- [WORK REQUEST]: The lines to transcribe begin with the one containing "Lease agreement Thailand 1" and end with the last line below; reproduce them exactly, without the pictures.

- [COLLECTED MATERIAL]:
┄┄┄┄┄┄┄┄┄┄┄┄┄┄┄┄┄┄┄┄
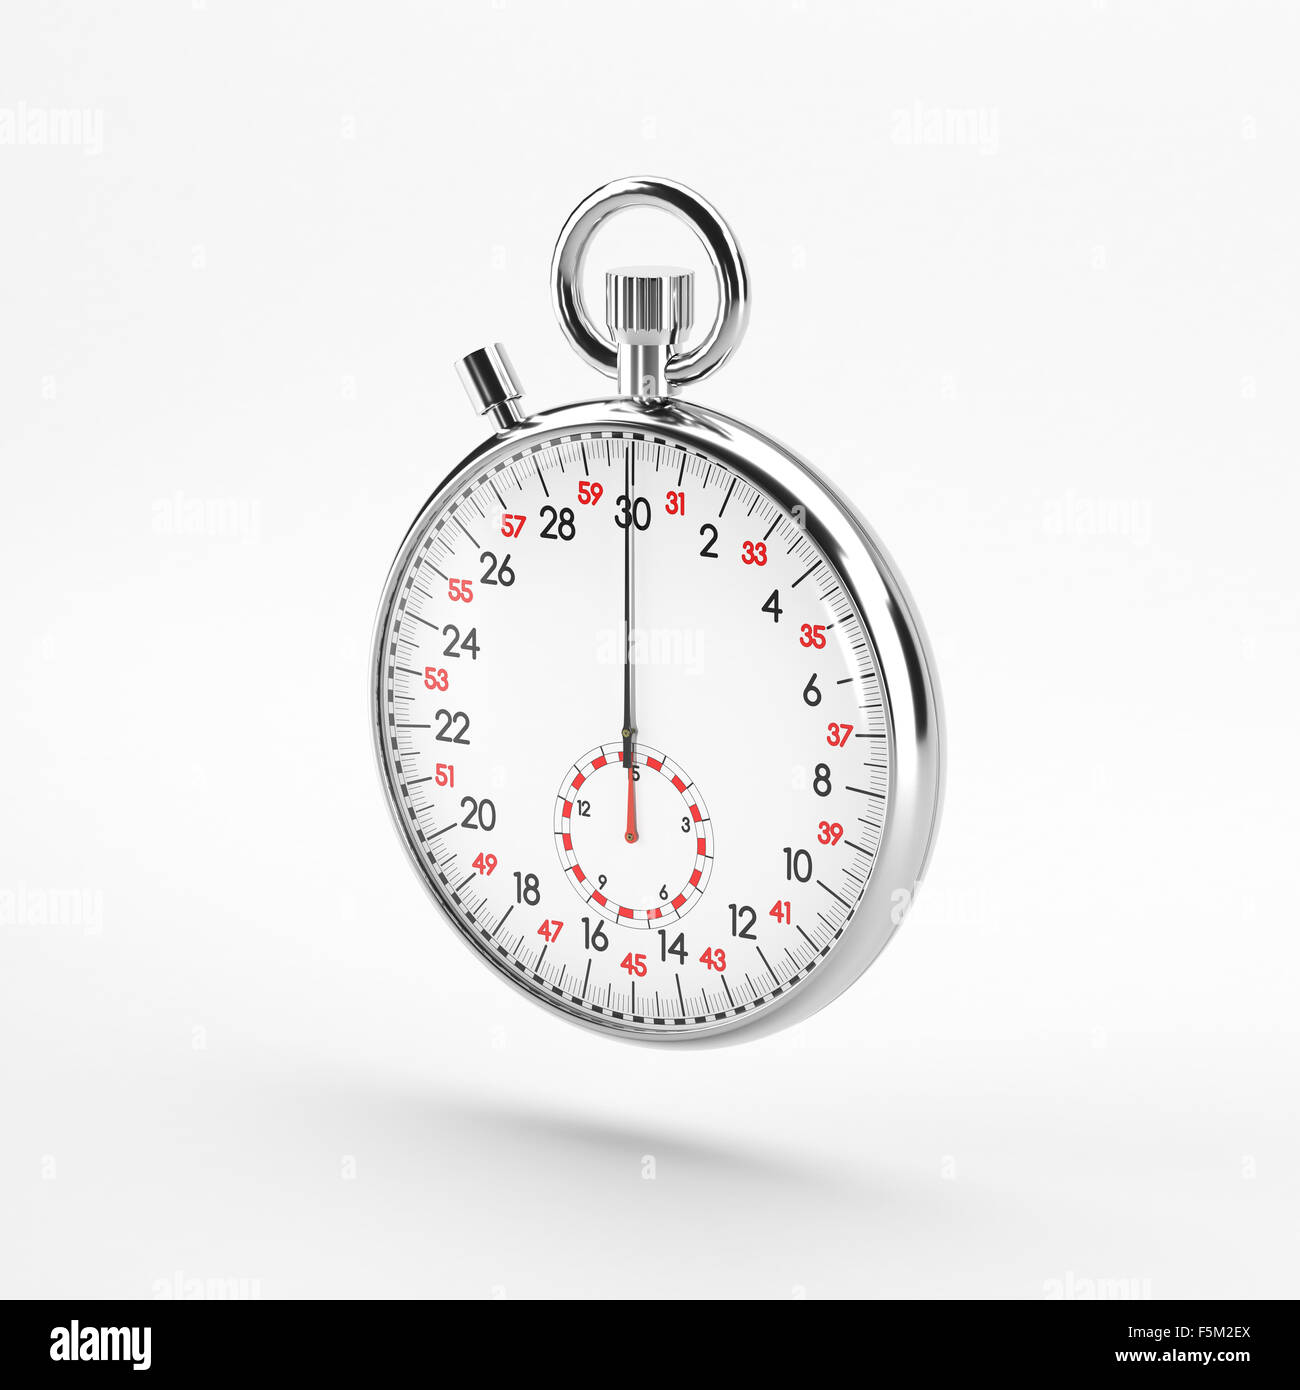 Mechanical stopwatch illustration Stock Photo
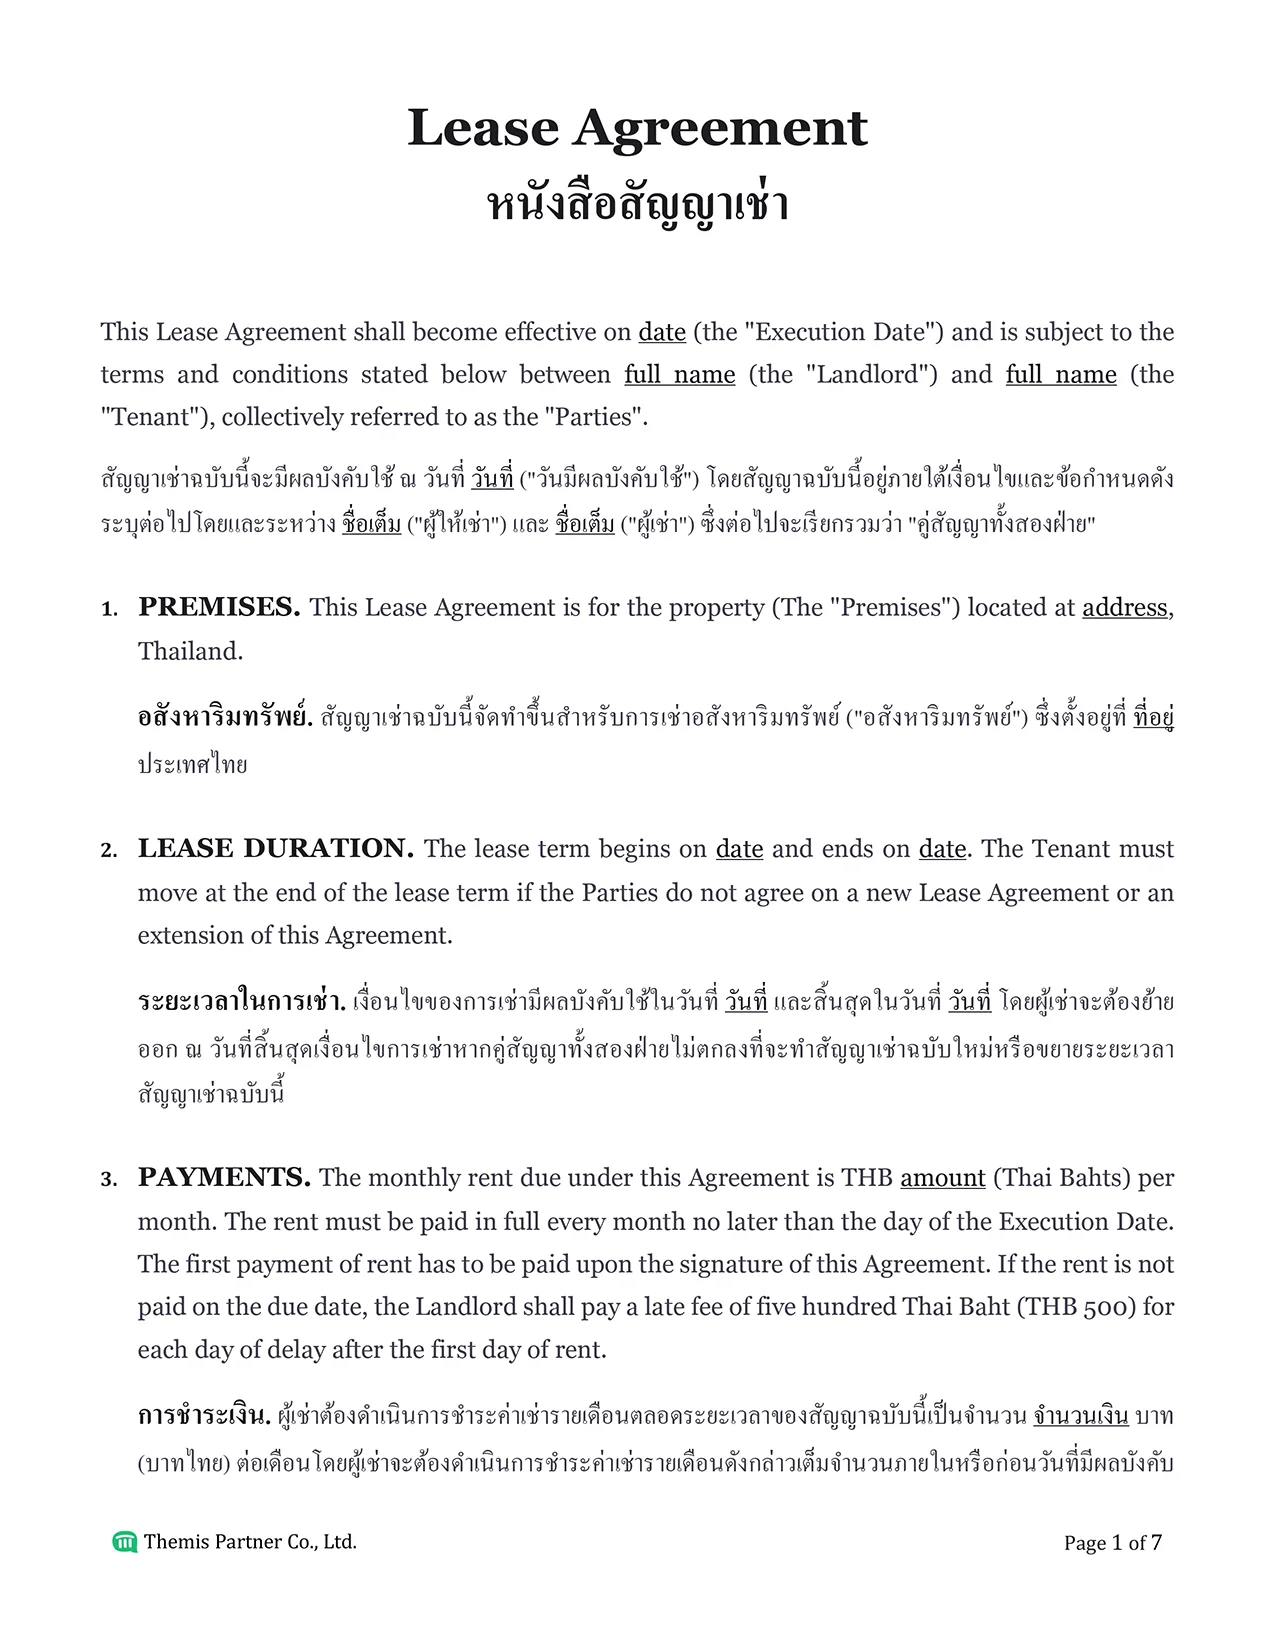 Lease agreement Thailand 1
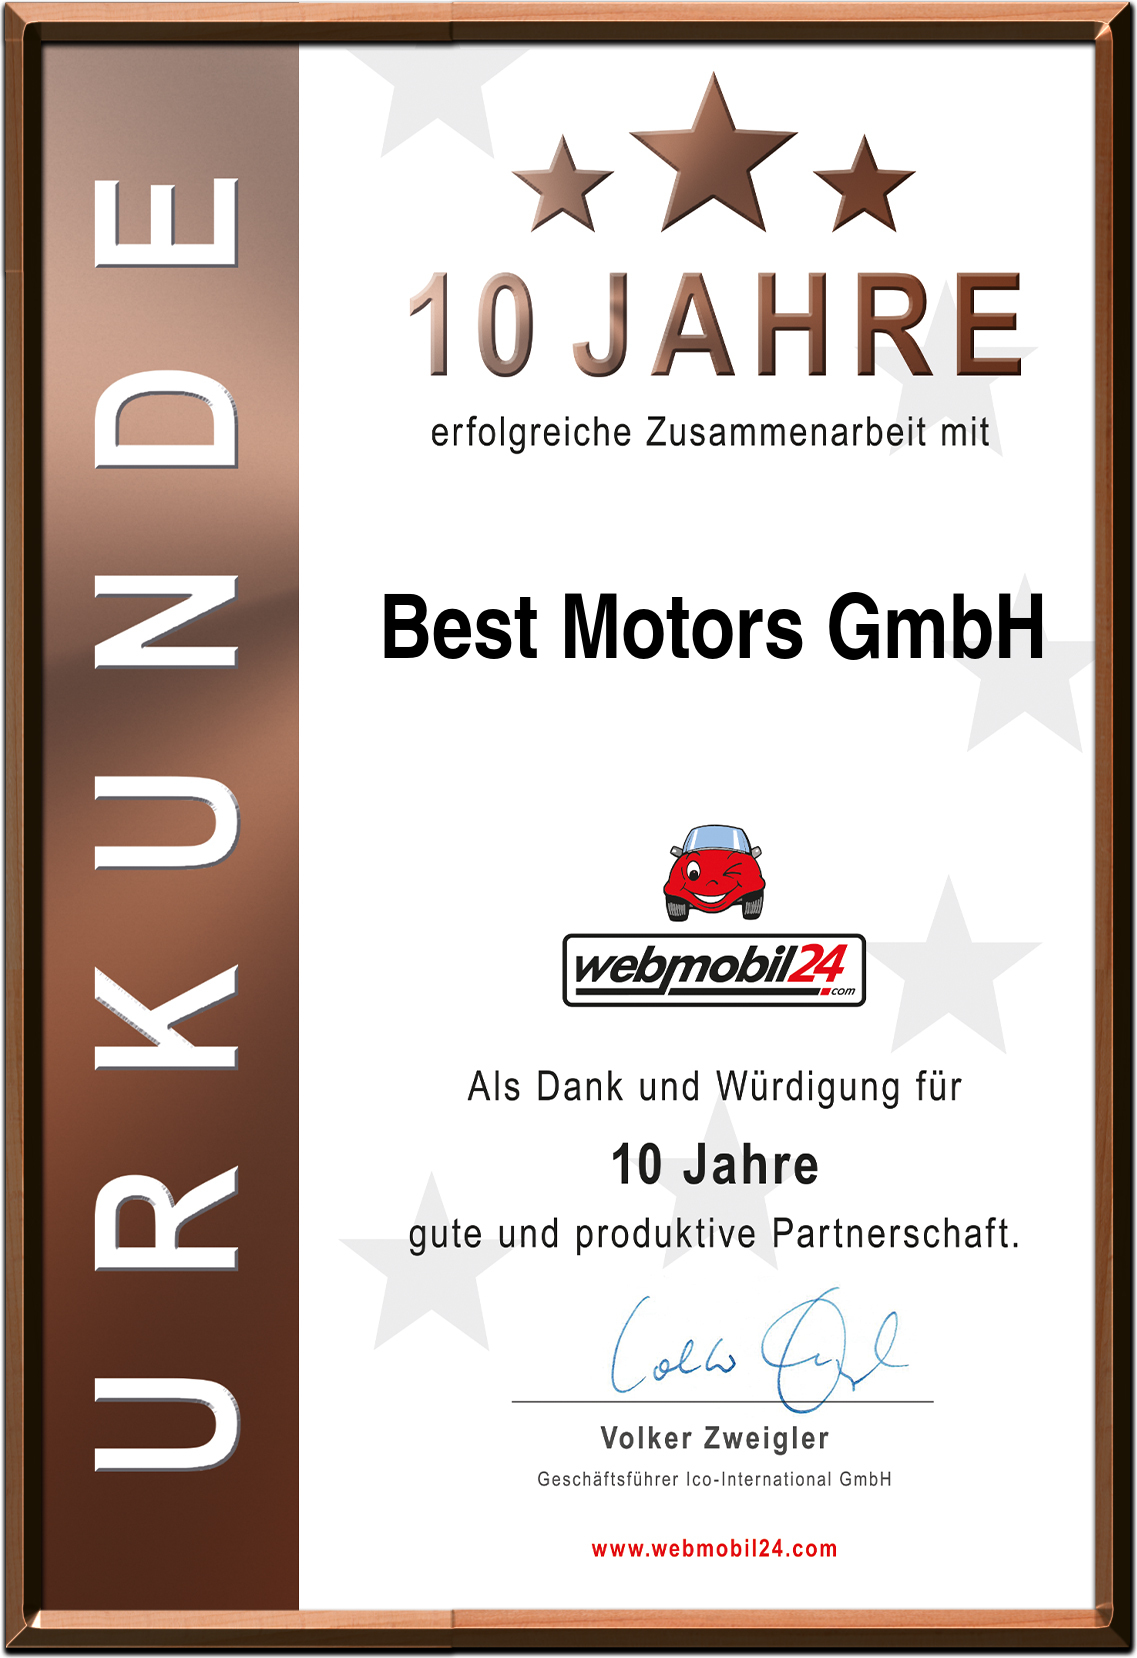 Best Motors GmbH
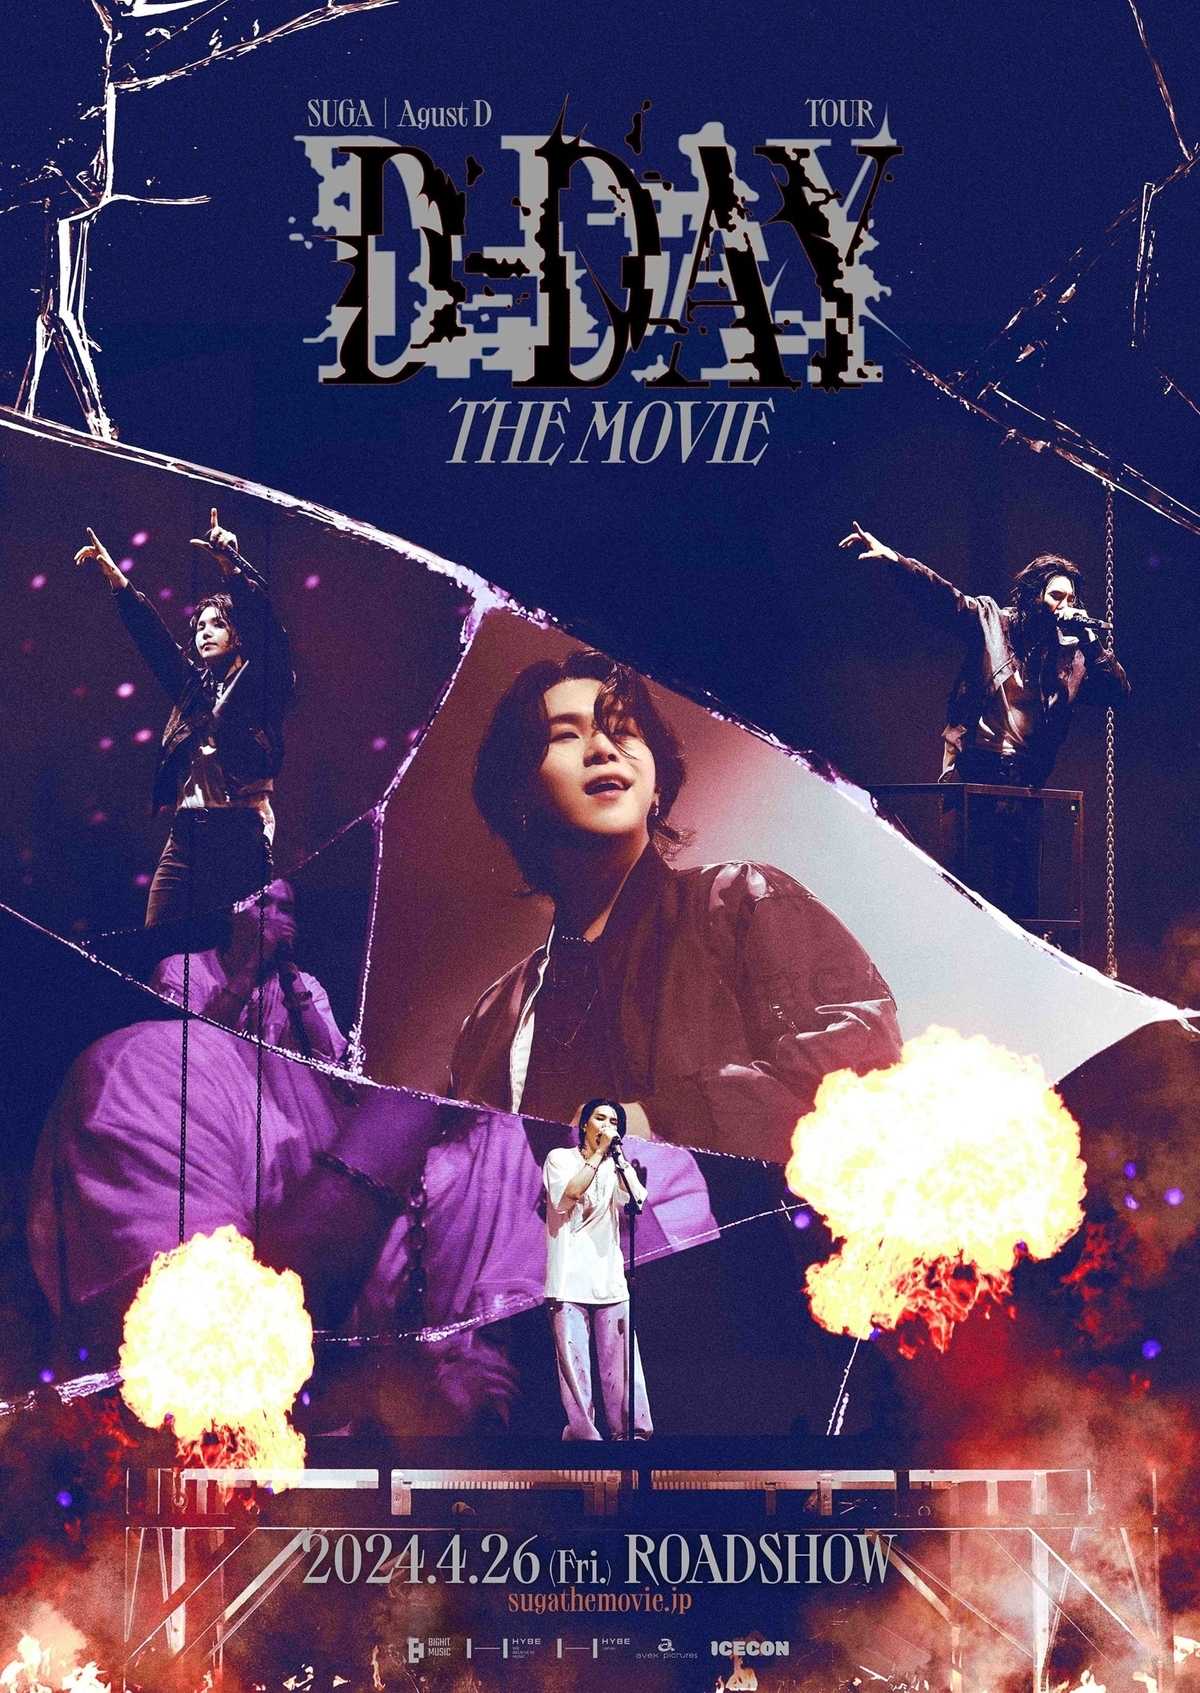 BTSのSUGA、映画「Agust D TOUR 'D-DAY' THE MOVIE」応援上映が追加
┄┄┄┄┄┄┄┄┄┄┄┄┄┄┄┄┄┄┄┄
- [SOLUTION]:
 Lease agreement Thailand 1
 Best Motors GmbH
 BTSのSUGA、映画「Agust D TOUR 'D-DAY' THE MOVIE」応援上映が追加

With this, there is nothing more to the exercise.